◆ What this task involves
Could the data below be retyped exactly, without its pictures?

== Information supplied

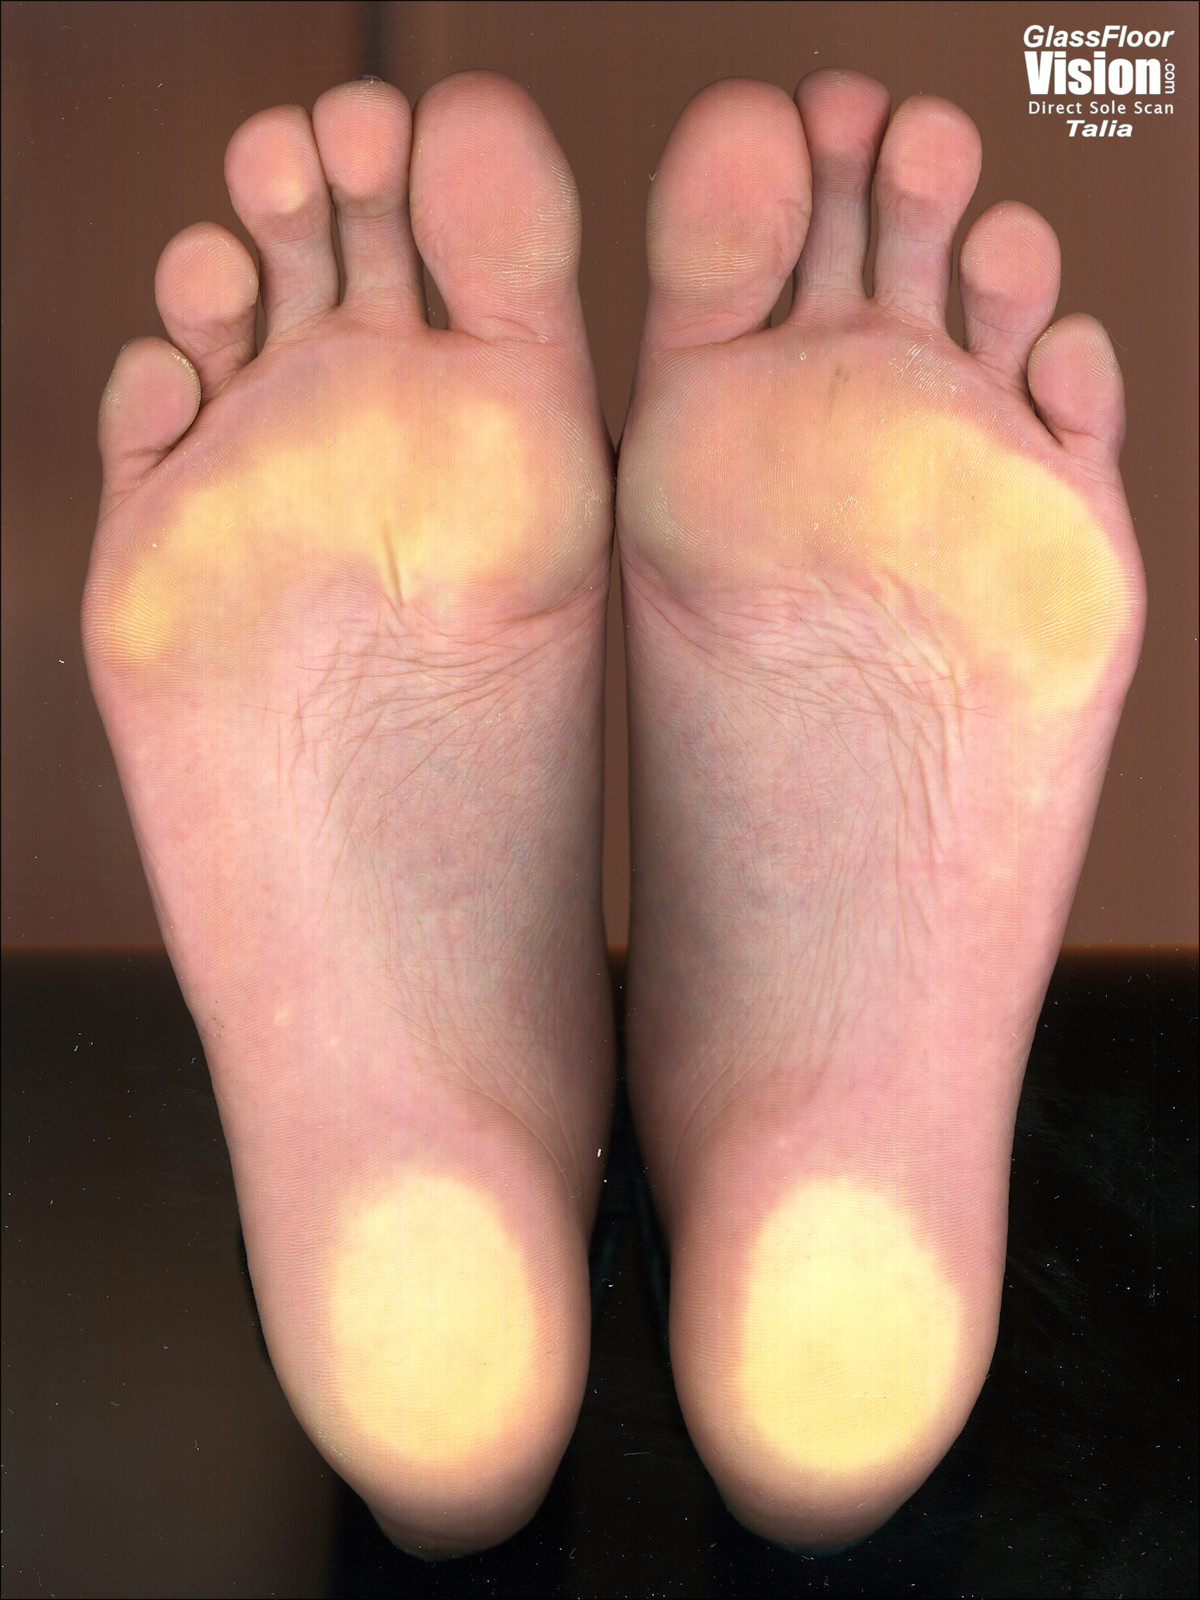 a girl named Talia showing her feet
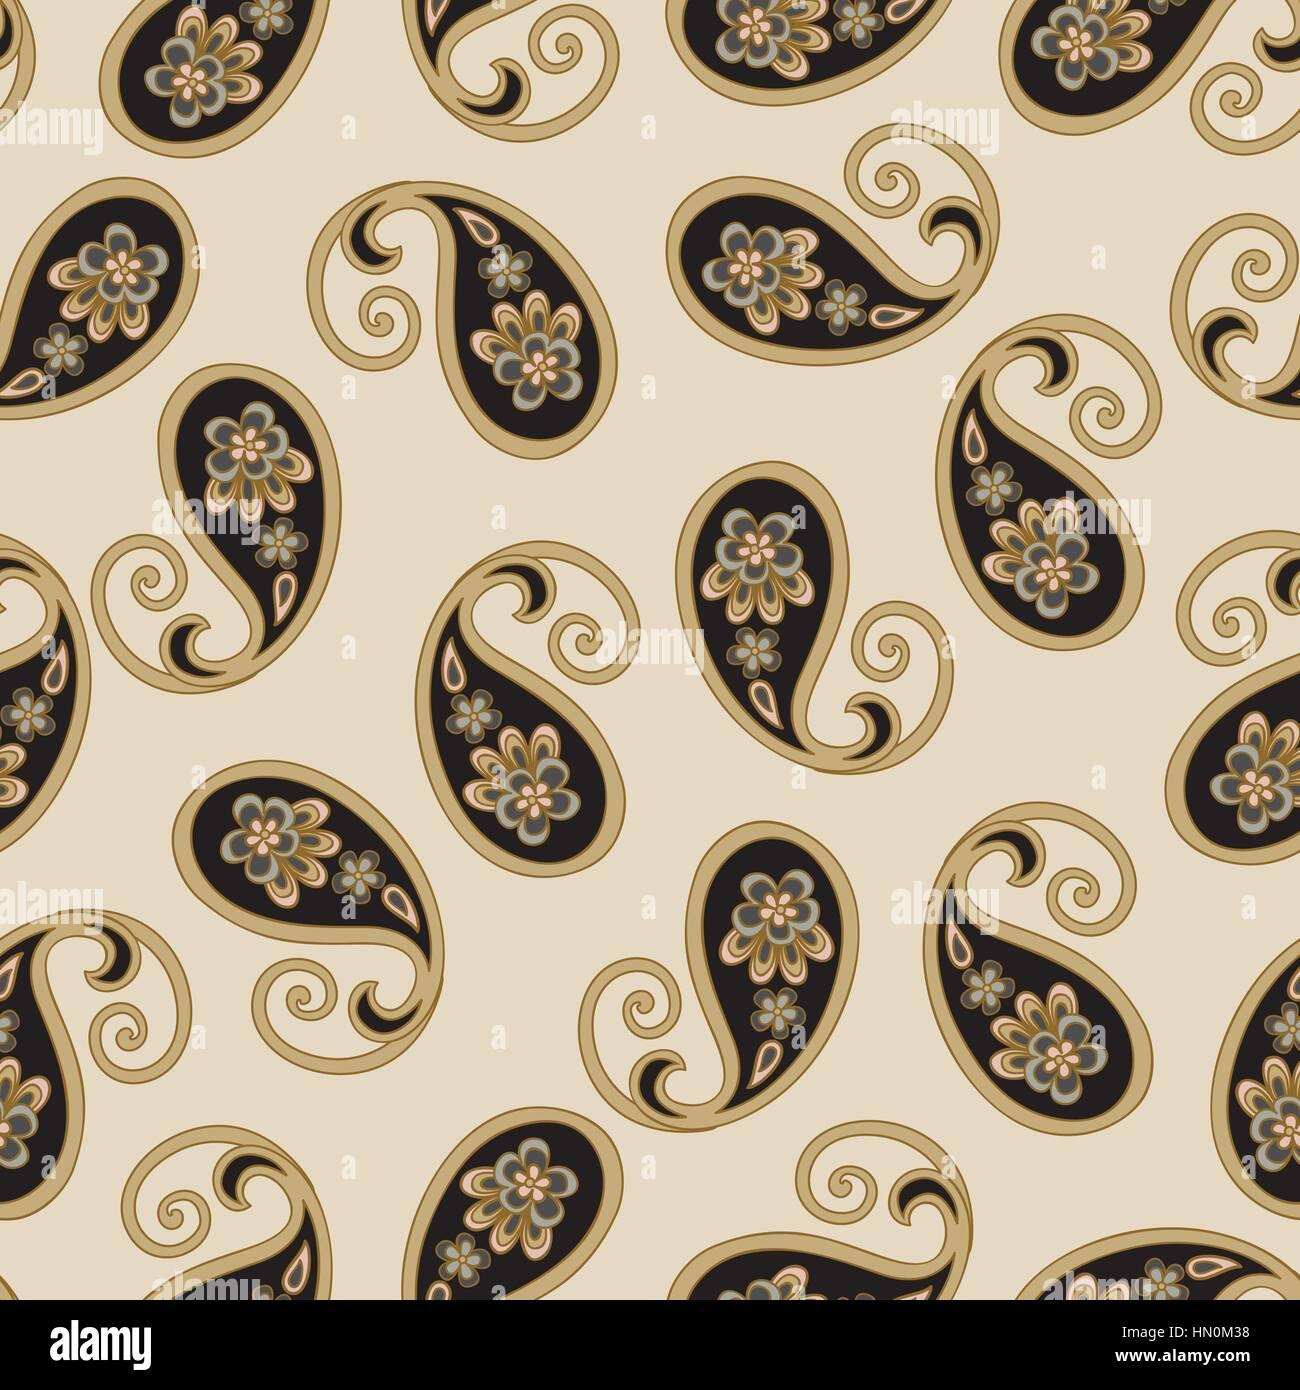 Trama perfecta floral. árabe ornamento de flores ornamentales florecen la textura de fondo. Imagen De Stock
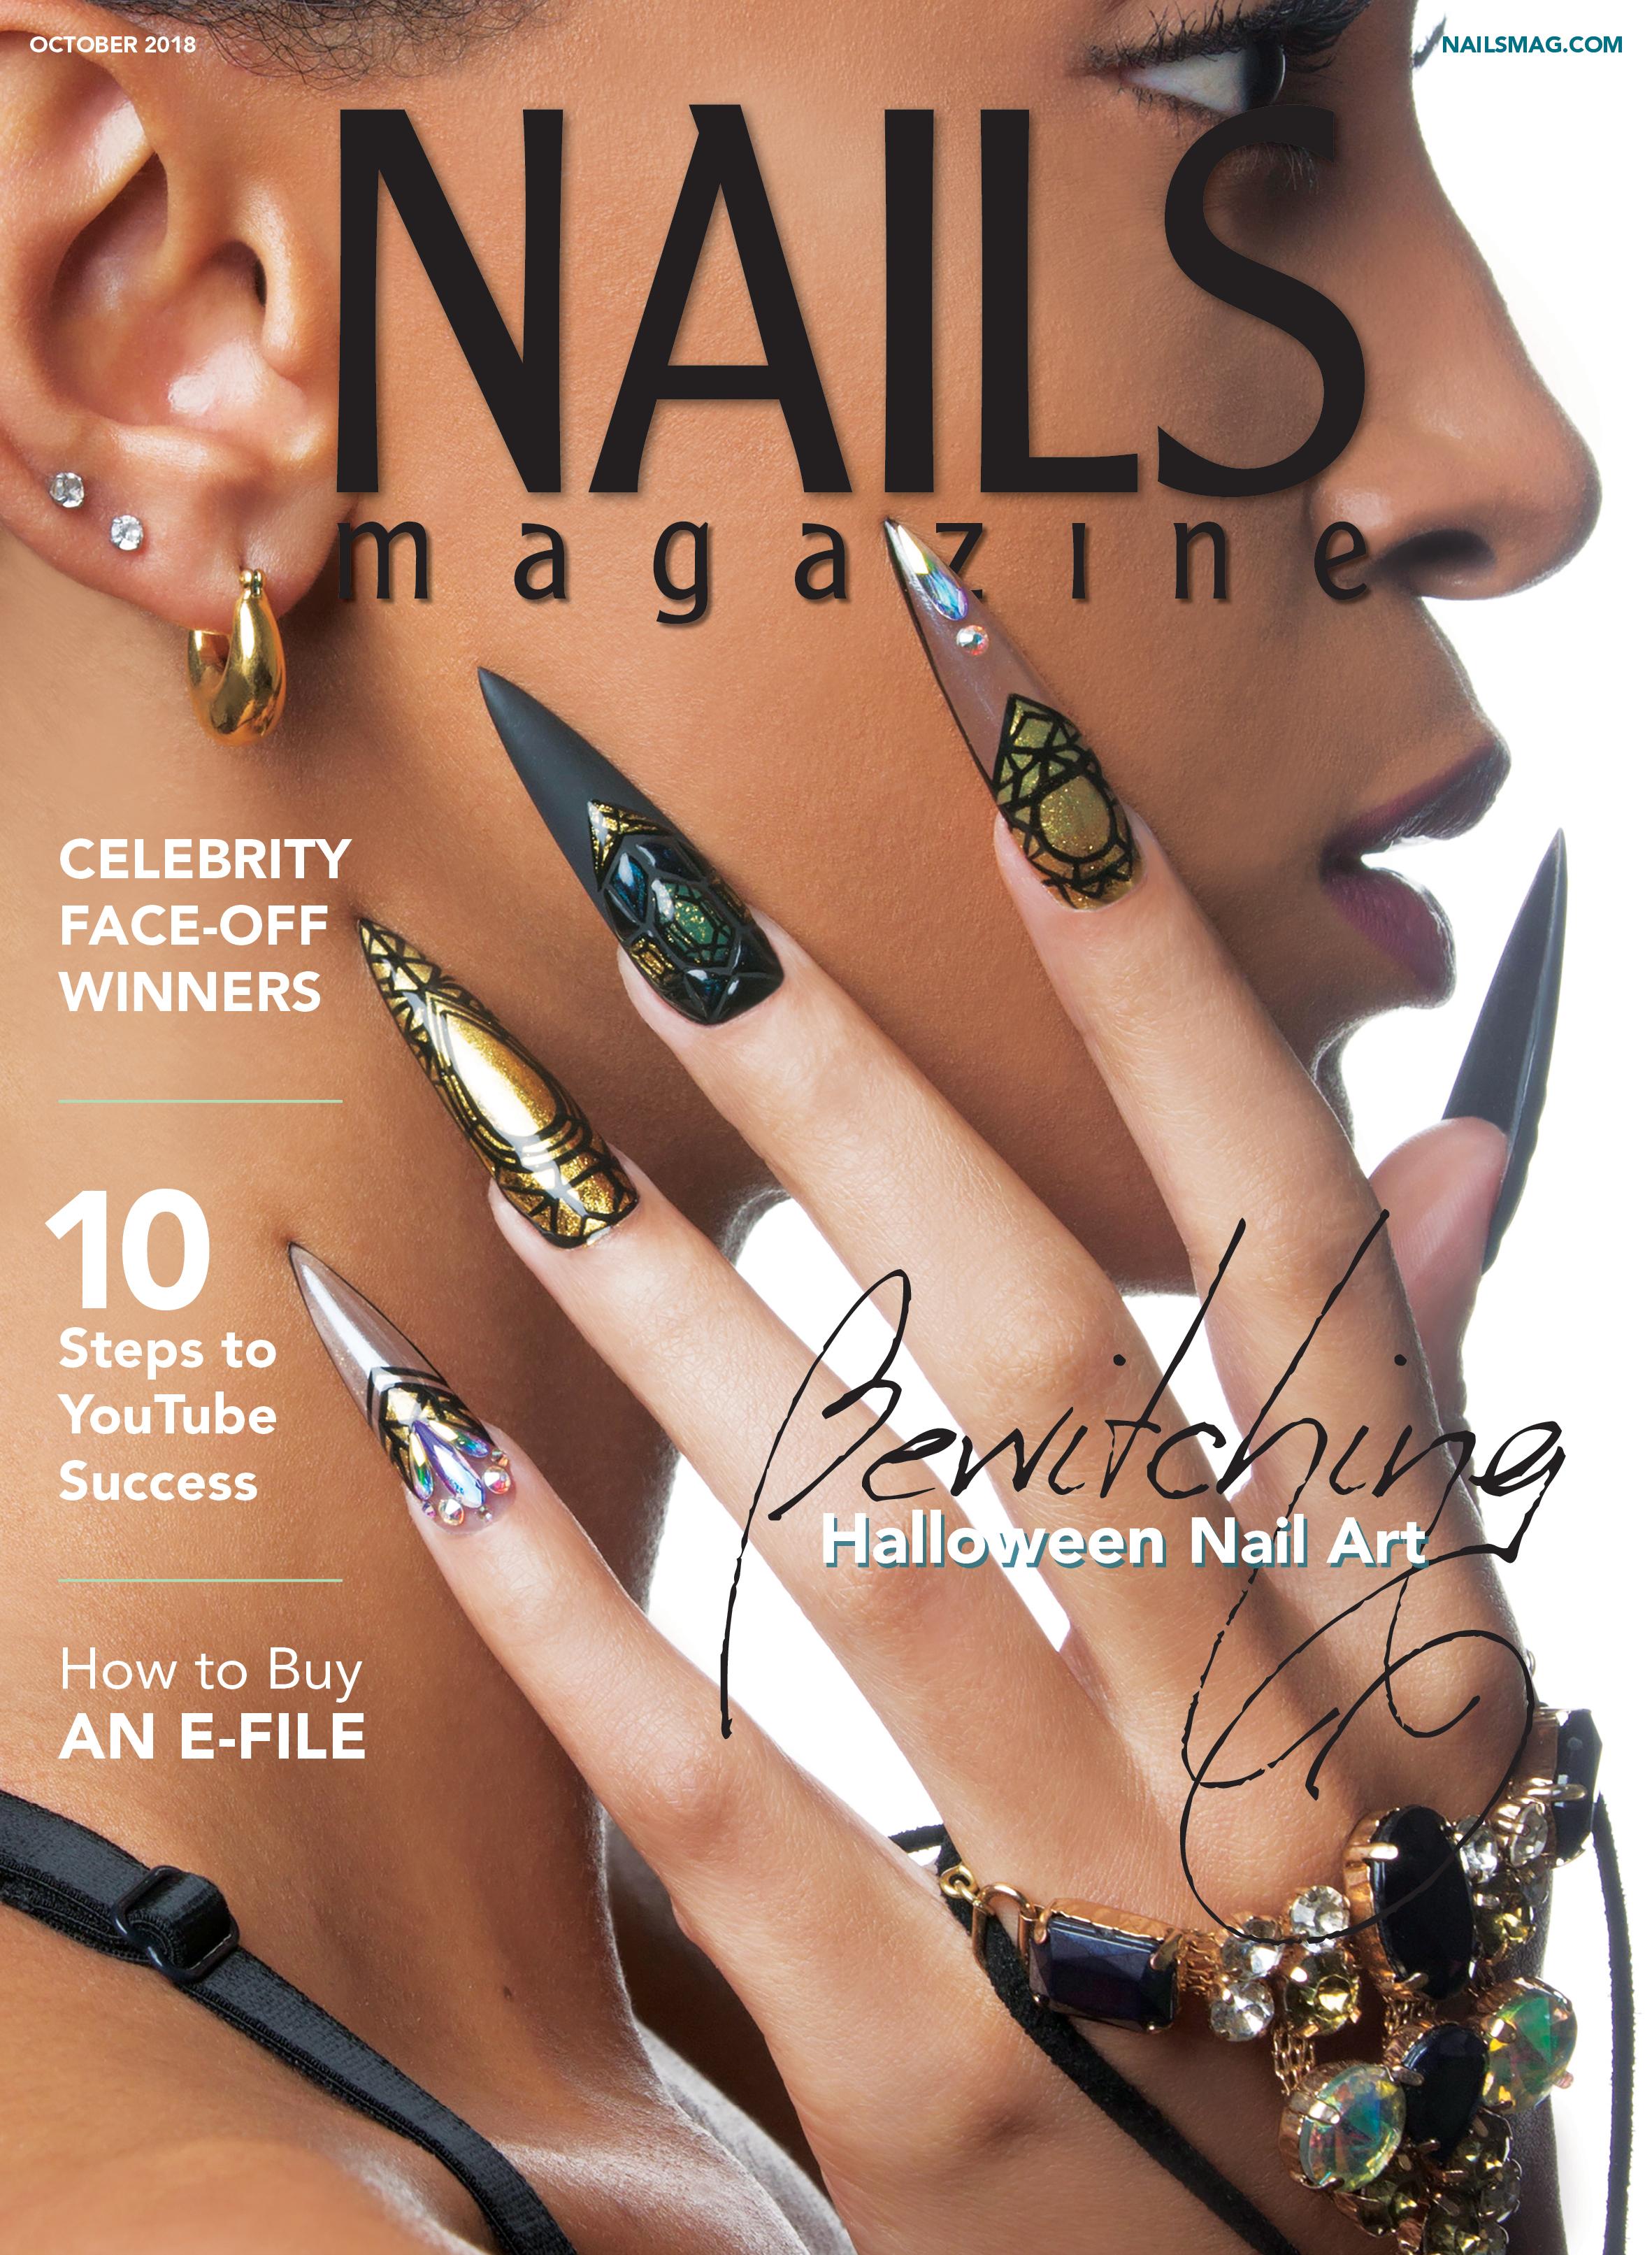 Nails Magazine October 2018 Issue

====

◆ Output of the task
 a girl named Talia showing her feet
 Trama perfecta floral. árabe ornamento de flores ornamentales florecen la textura de fondo. Imagen De Stock
 Nails Magazine October 2018 Issue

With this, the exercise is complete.